Overview
What is web scraping?
The internet contains a huge amount of data but most is not in a useful format. Web scraping is the process of extracting this data from websites into a structured format such as a CSV spreadsheet so it can be reused.
Is it possible to extract data from any website?
Yes – if the data is publically available then it can be extracted, though it may not be practical for some websites. For example if the website heavily restricts IP addresses then scraping their data would require renting a lot of proxies, which may make the project too expensive.
Is web scraping legal?
Scraping data from public websites is very common and many businesses like Google depend on it. I find in practice that scraping the data is not a problem. Any potential problem depends on how you reuse the data. If the data is for private use then no problem. I expand on this in this blog post
How can I learn about web scraping?
I have collected many useful web scraping resources on my blog, which is a good start. Also my bitbucket account hosts some open source web scraping scripts.
Who are you?
My name is Richard Penman and I am originally from Melbourne in Australia, but often travel alongside my web scraping work – have worked from over 50 countries so far. I have a B.E. from Melbourne University and an MSc in Computer Science from Oxford University.
How did you get involved in this field?
I first encountered the field of web scraping in 2006 while studying at Melbourne University.
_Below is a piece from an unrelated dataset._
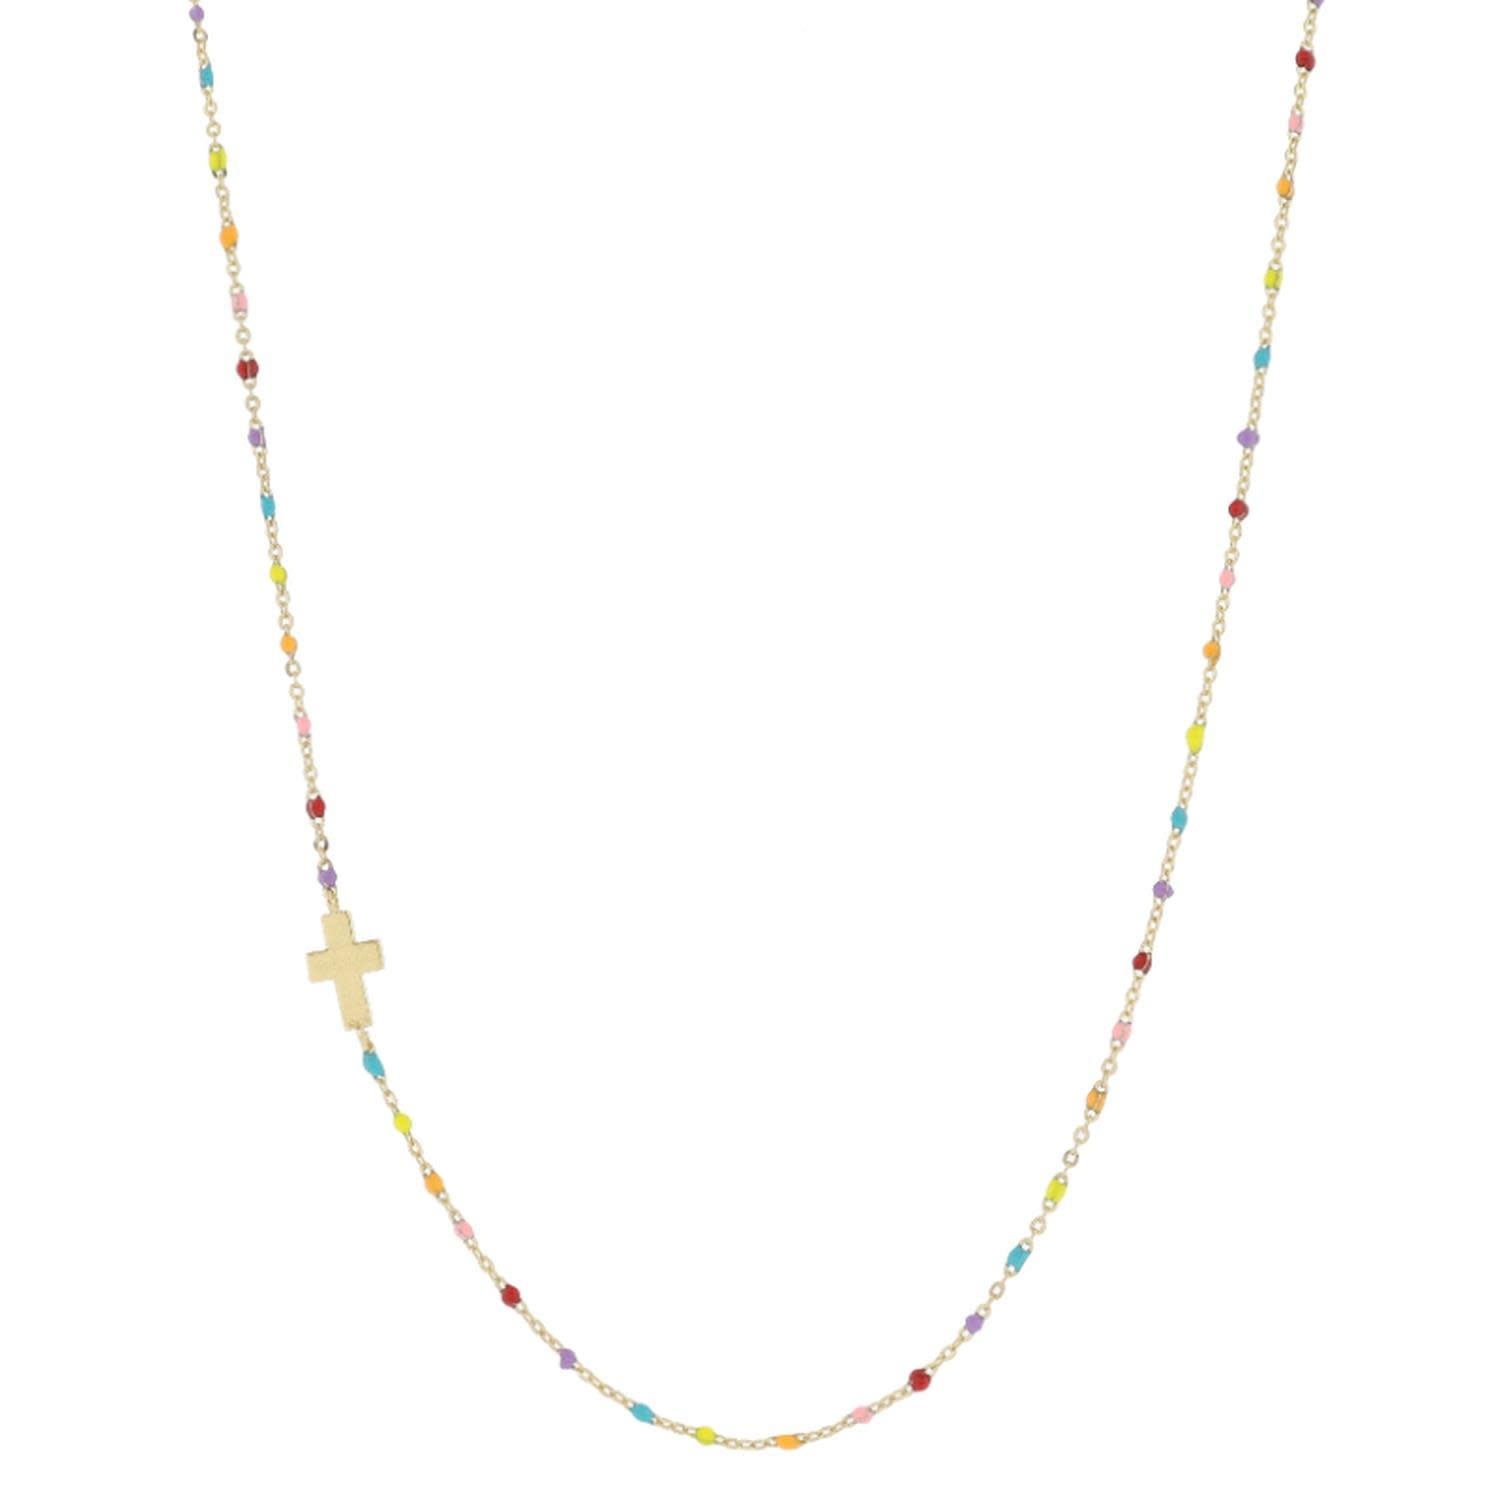 Dainty Multi Enamel Satellite Chain with Gold Cross in Chain Necklace

After graduation I worked for a few years in a research lab and continued my web scraping projects in my spare time as a hobby. I found there was significant demand in this field so eventually left my job and began working on web scraping projects full time. Since then I have scraped data from thousands of websites that require parsing JavaScript/AJAX, using proxies, solving CAPTCHA's, and contain millions of records. Initially my website was hosted at sitescraper.net and then later I was able to purchase the awesome domain webscraping.com.
What technologies do you use?
- Our web scraping infrastructure has been developed using the Python language, much of which is open sourced as the webscraping library
- For processing JavaScript I use WebKit (through PyQt) or Selenium
- And for running the crawls I rent servers on Amazon EC2, DigitalOcean, or similar
What languages do you speak?
I speak native English, intermediate Mandarin, basic Korean, and fluent Esperanto!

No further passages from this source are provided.